PROBLEM TO WORK ON: No pictures go into the copy. Write out exactly the lines below from the one containing "Blick auf die Erde aus dem Weltraum." through the one containing "Rozsvícení Vánoèního stromku".

ENTRIES SHOWN:
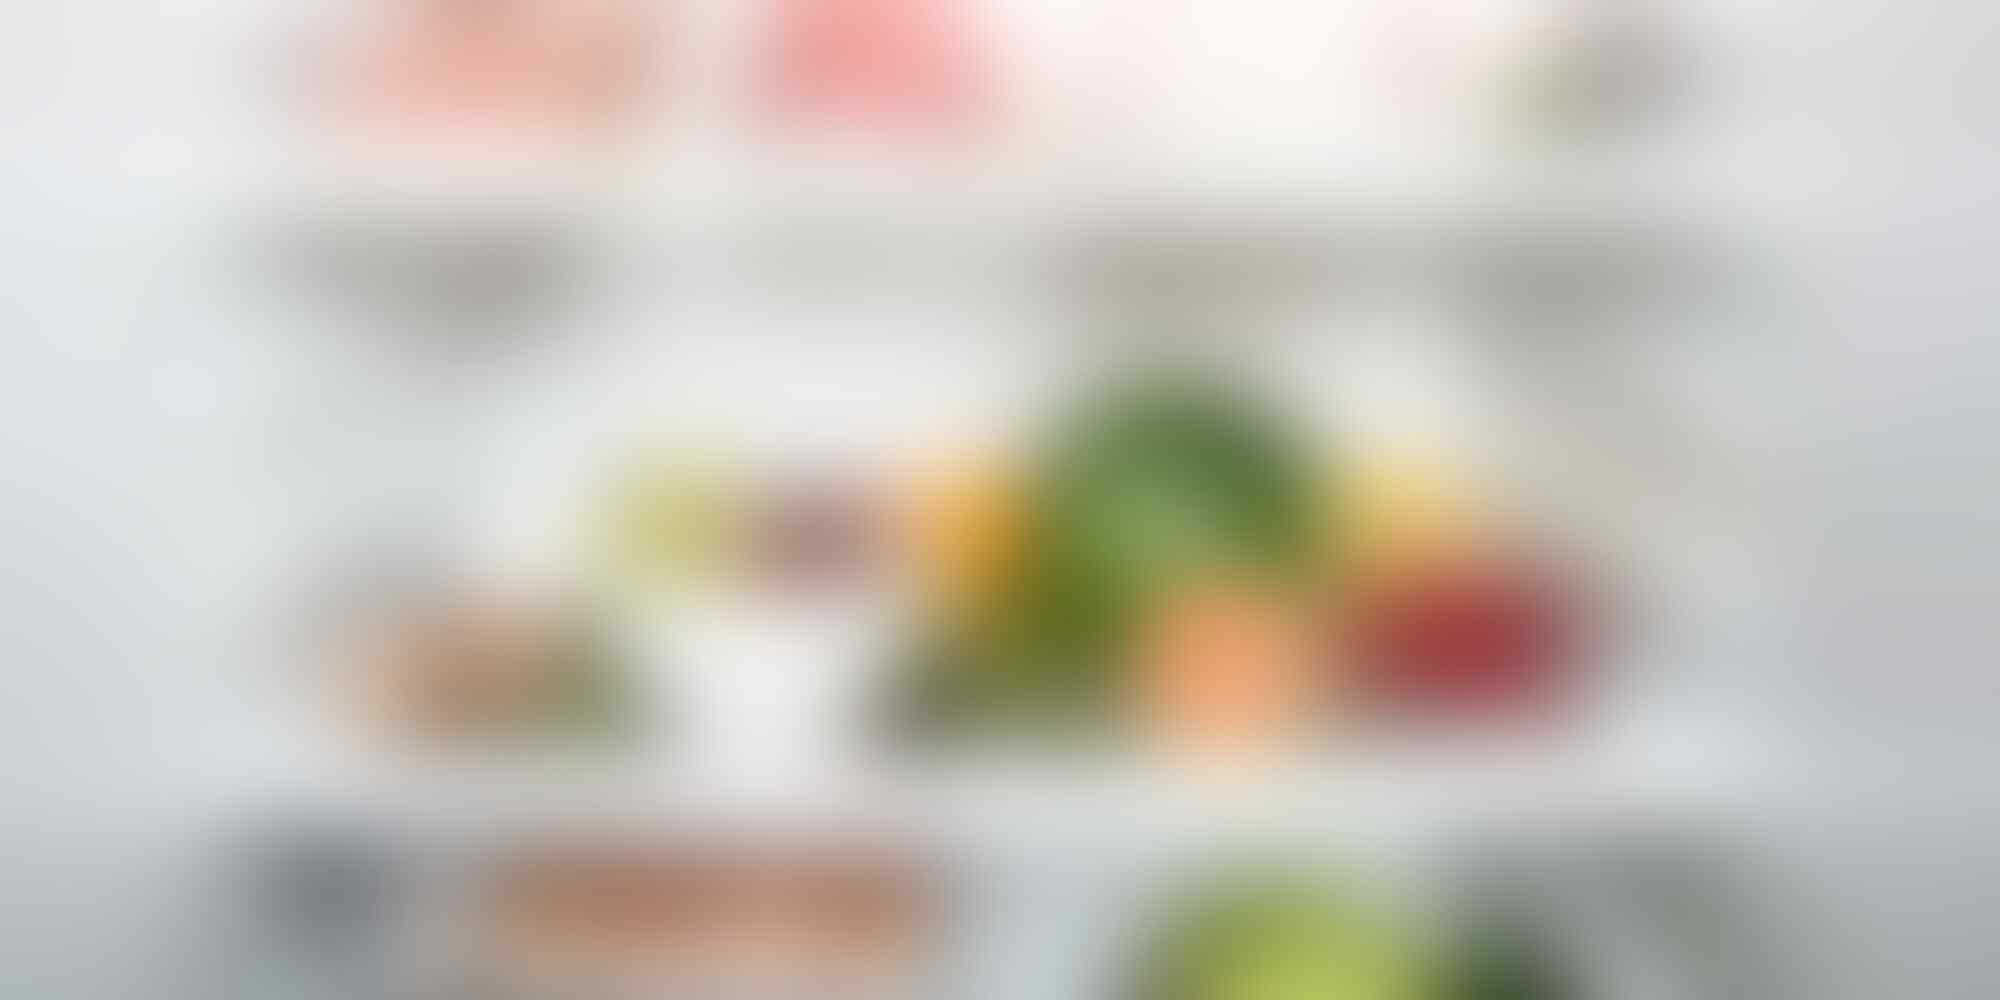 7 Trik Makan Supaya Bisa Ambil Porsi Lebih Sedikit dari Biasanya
==
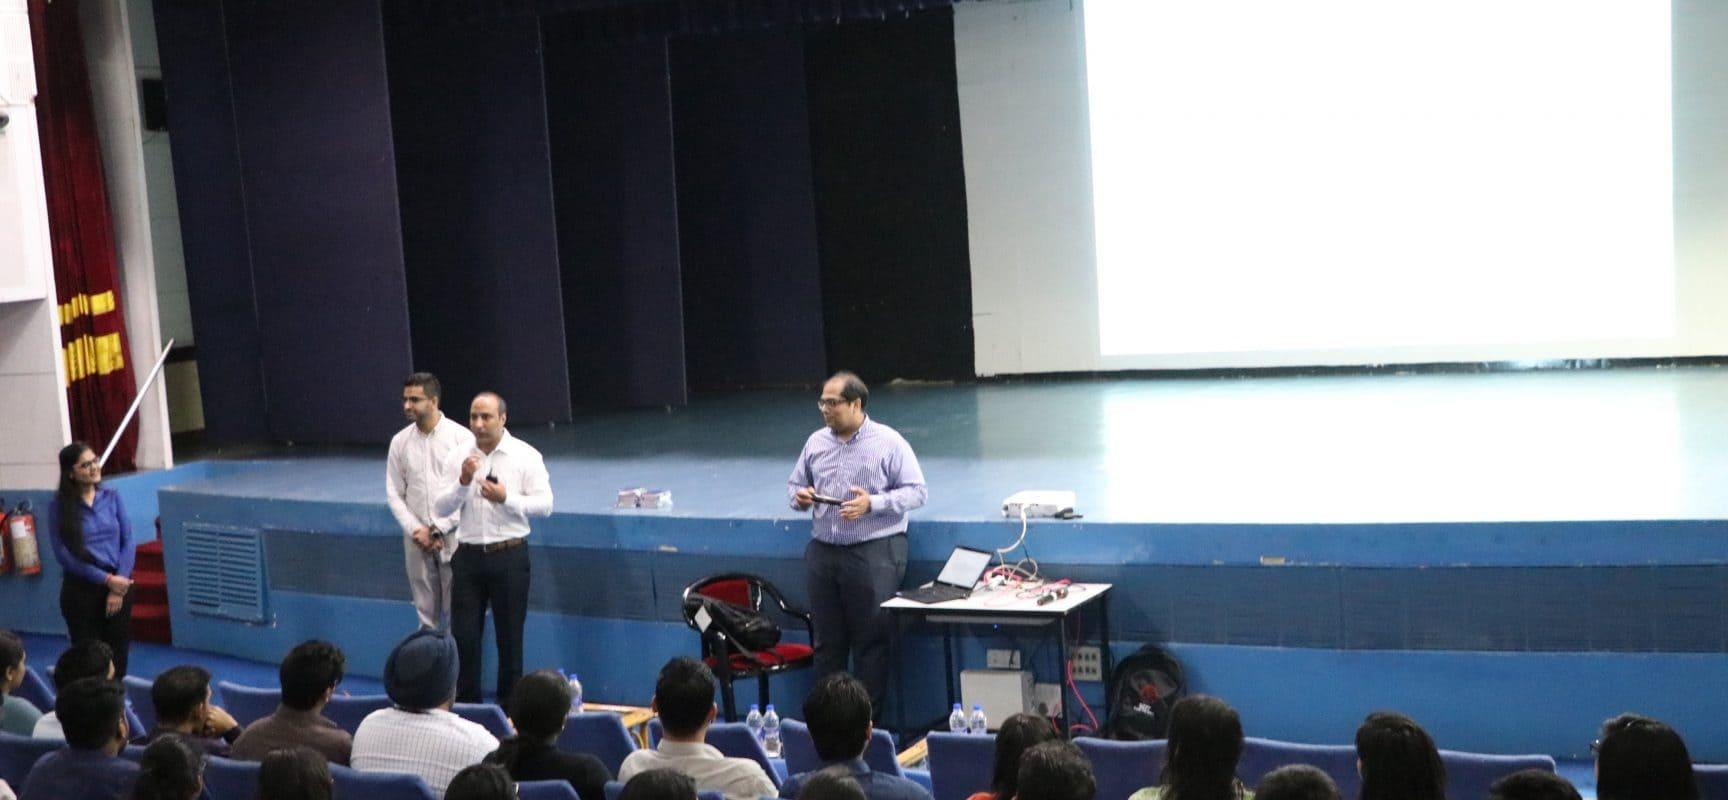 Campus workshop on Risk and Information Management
...
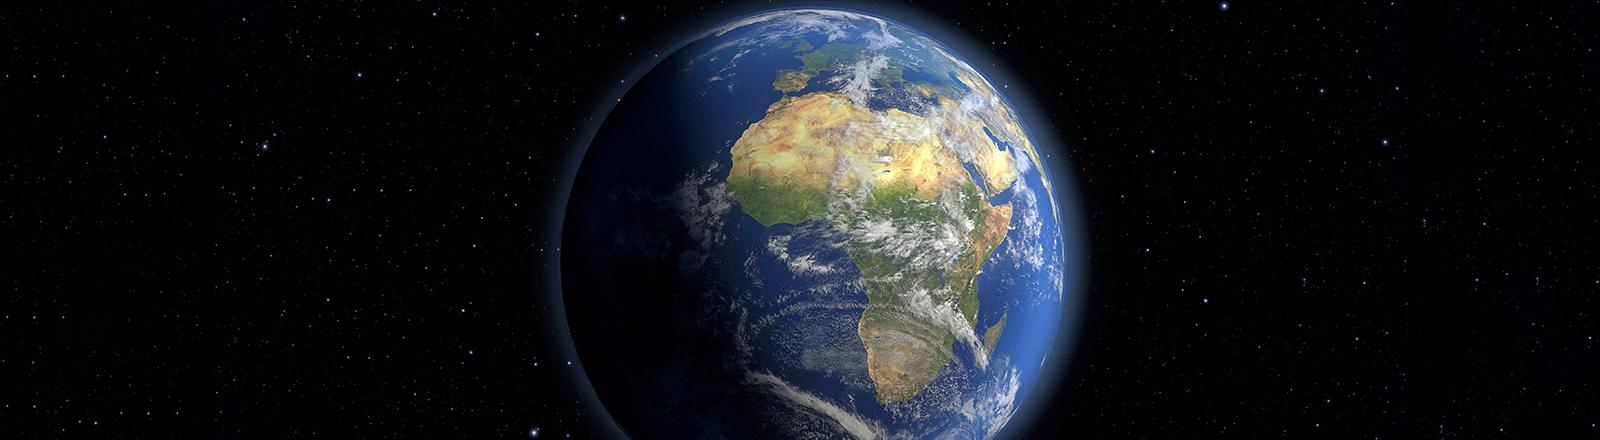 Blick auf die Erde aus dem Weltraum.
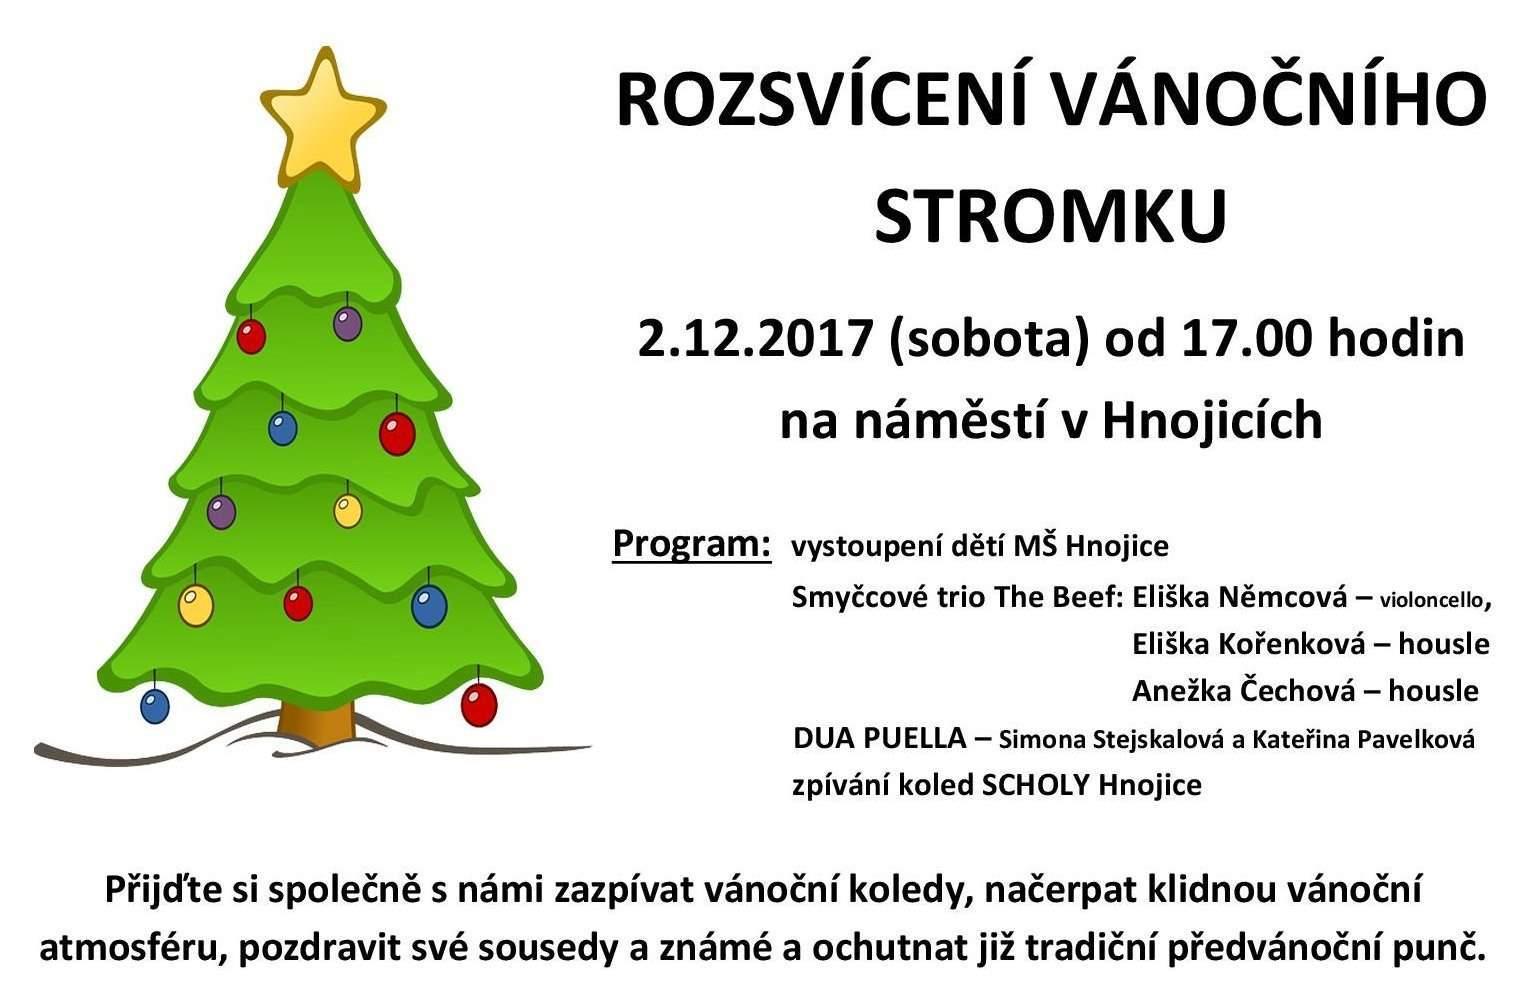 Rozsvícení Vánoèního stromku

EXERCISE OUTPUT:
 Blick auf die Erde aus dem Weltraum.
 Rozsvícení Vánoèního stromku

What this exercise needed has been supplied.